Phase-change perovskite tunable microlaser

TL;DR

This paper introduces a novel tunable microlaser using phase-change perovskite metasurfaces that serve as both gain medium and cavity, enabling fast, broad, and hysteretic spectral tuning for advanced optical applications.

Contribution

It presents the first demonstration of a phase-change perovskite metasurface laser with integrated gain and cavity functions, enabling dynamic spectral and mode tuning.

Findings

Achieved >15 nm spectral tunability in the near-infrared.

Demonstrated fast tuning rate of 1.35 nm/K.

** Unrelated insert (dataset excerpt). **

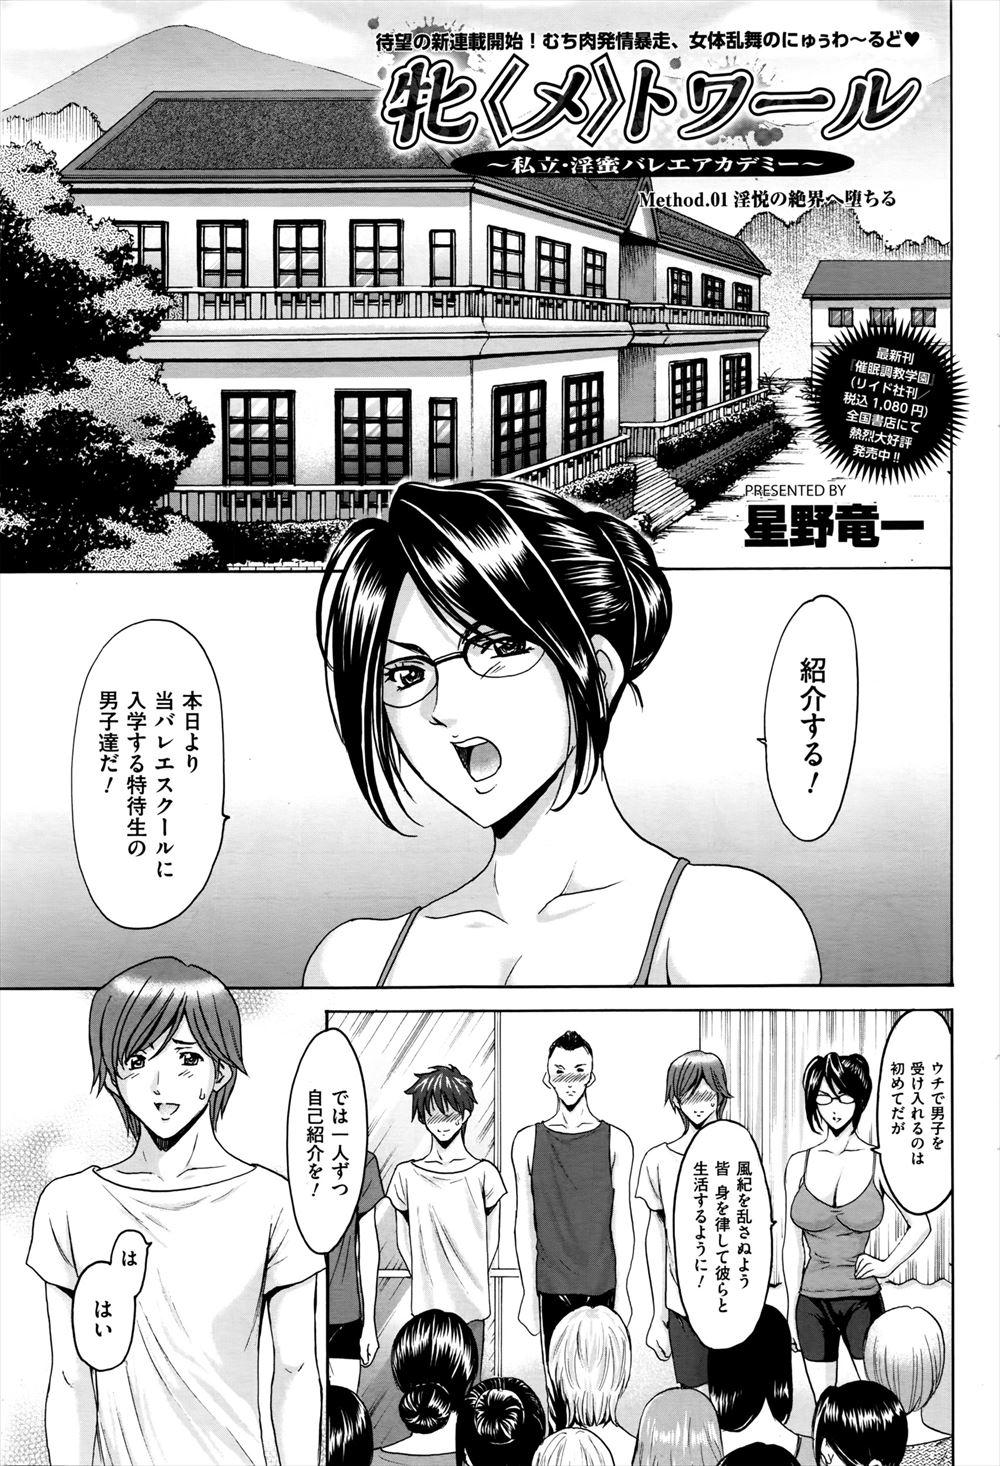 【エロ漫画】メンバーのほとんどが女性のバレエスクールに泊り込みで教わることにした男たちは歓迎会と称して深夜に拘束されて犯される!!【無料 エロ漫画】

Observed hysteretic optical bistability and mode hopping.

Abstract

Since the invention of the laser, adoption of new gain media and device architectures has provided solutions to a variety of applications requiring specific power, size, spectral, spatial, and temporal tunability. Here we introduce a fundamentally new type of tunable semiconductor laser based on a phase-change perovskite metasurface that acts simultaneously as gain medium and optical cavity. As a proof of principle demonstration, we fabricate a subwavelength-thin perovskite metasurface supporting bound states in the continuum (BICs). Upon the perovskite structural phase transitions, both its refractive index and gain vary substantially, inducing fast (1.35 nm/K rate) and broad spectral tunability (>15 nm in the near-infrared), deterministic spatial mode hopping between polarization vortexes, and hysteretic optical bistability of the microlaser. These features highlight the uniqueness of phase-change perovskite tunable lasers, which may find wide applications in compact and low-cost optical multiplexers, sensors, memories, and LIDARs.